OnlineSplatter: Pose-Free Online 3D Reconstruction for Free-Moving Objects¶
Conference: NeurIPS 2025 arXiv: 2510.20605 Code: https://markhh.com/OnlineSplatter Area: 3D Vision Keywords: Online 3D Reconstruction, 3D Gaussian Splatting, Pose-Free Reconstruction, Free-Moving Objects, Memory Module
TL;DR¶
This paper proposes OnlineSplatter, a feed-forward online 3D reconstruction framework that requires no camera poses, depth priors, or global optimization. It achieves constant-time incremental reconstruction of free-moving objects via a dual-key memory module combining appearance-geometry latent keys and orientation keys.
Background & Motivation¶
Real-time monocular reconstruction of free-moving objects is a fundamental challenge in computer vision, with applications in robotics, AR, and beyond. Existing methods suffer from the following limitations:
Optimization-based methods (BARF, BundleSDF, Fmov): Require global bundle adjustment and cannot run online in real time; BundleSDF additionally requires ground-truth depth input.
Diffusion-based generative methods (LRM, InstantMesh): Rely on learned priors to "hallucinate" unobserved regions, making them unsuitable for perception tasks.
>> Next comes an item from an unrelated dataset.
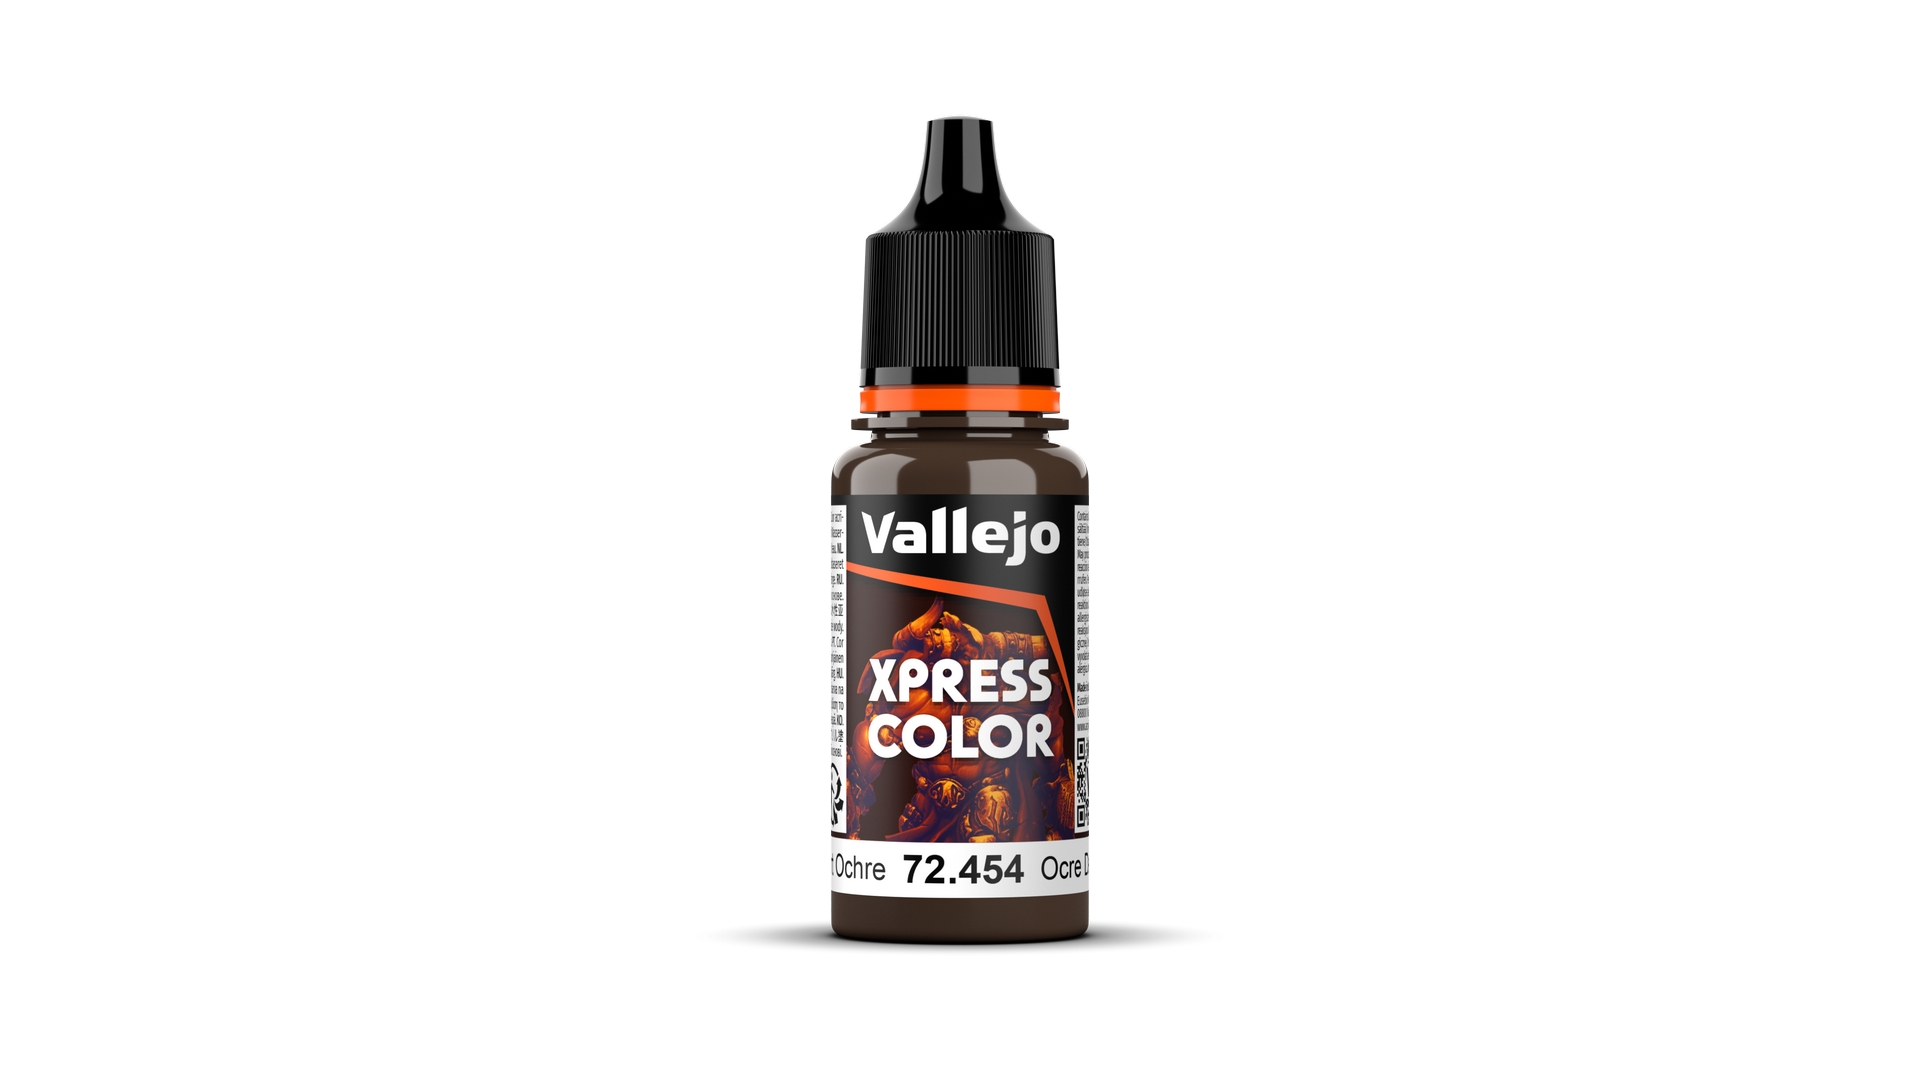 Xpress Color Wüsten-Ocker / Desert Ochre, 18 ml
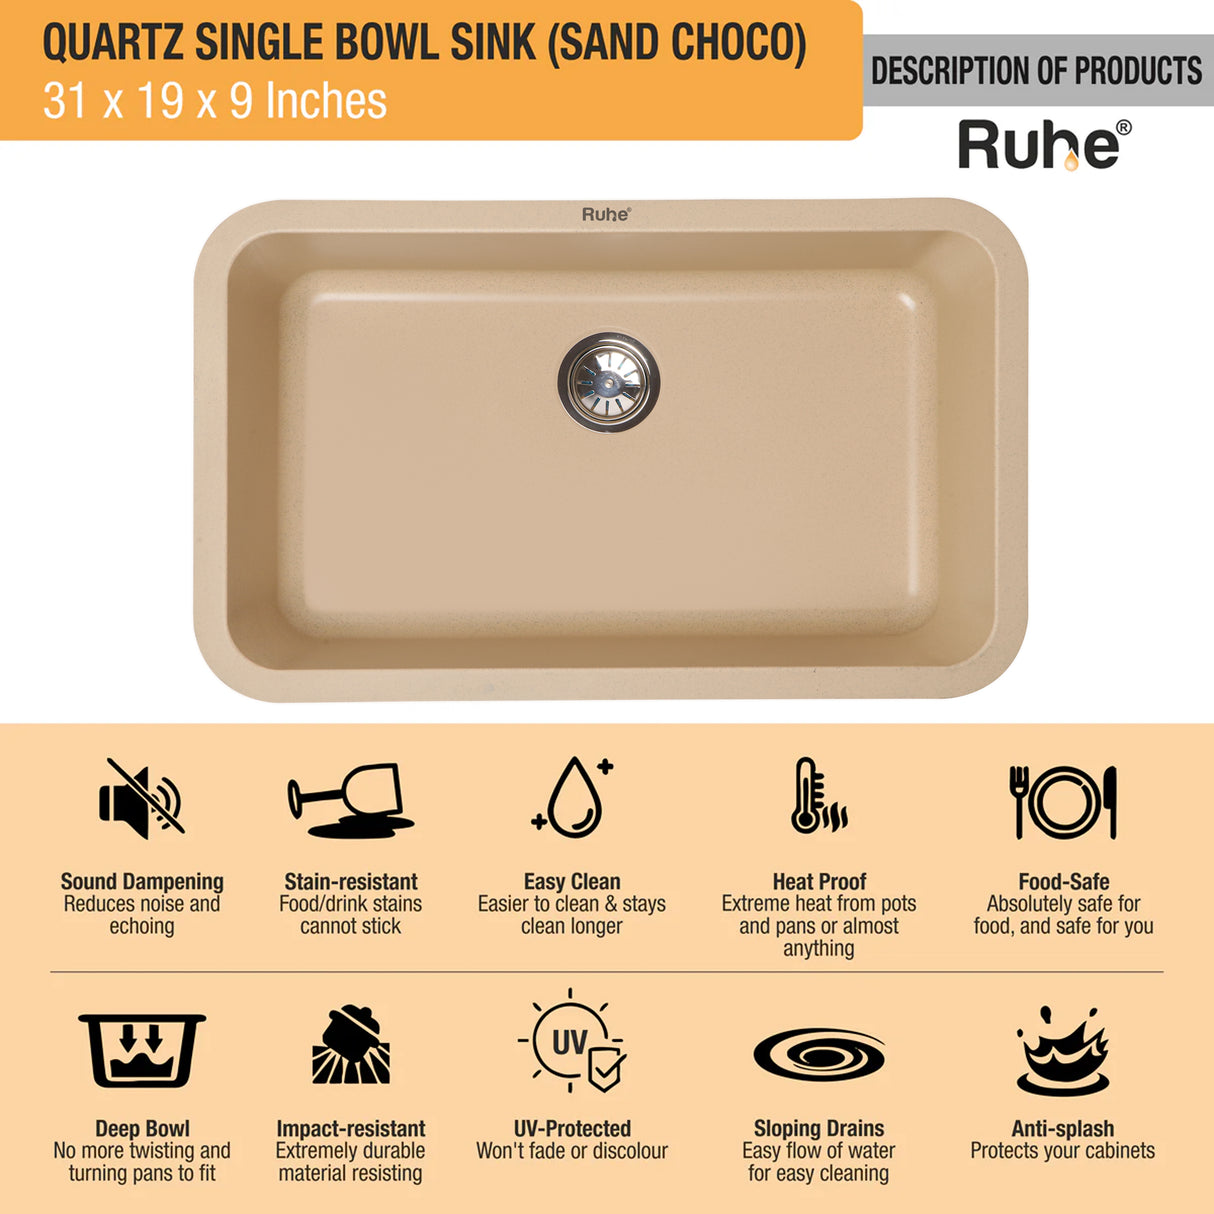 Quartz Single Bowl Kitchen Sink - Sand Choco (31 x 19 x 9 inches) - by Ruhe®

Feed-forward point-map methods (DUSt3R, NoPoSplat, Spann3R): Assume static scenes and treat moving objects as outliers; implicitly rely on large background surfaces.
Key Challenge: Online reconstruction requires causal processing (updating upon each arriving frame), yet existing methods either demand global optimization, assume static scenes, or require additional sensors.
Key Insight: The paper designs an object-centric feed-forward framework that defines a canonical coordinate system from the first frame and incrementally fuses temporal information in constant time via a dual-key memory module, without requiring poses, depth, or background information.
Method¶
Overall Architecture¶
At each timestep \(t\): an RGB frame \(V_t\) is input → online video segmentation yields an object mask → a dual encoder extracts patch features → the OnlineSplatter Transformer jointly processes the reference frame, current frame, and memory tokens → outputs pixel-aligned 3D Gaussians → updates the object memory. The entire pipeline is feed-forward with constant time complexity.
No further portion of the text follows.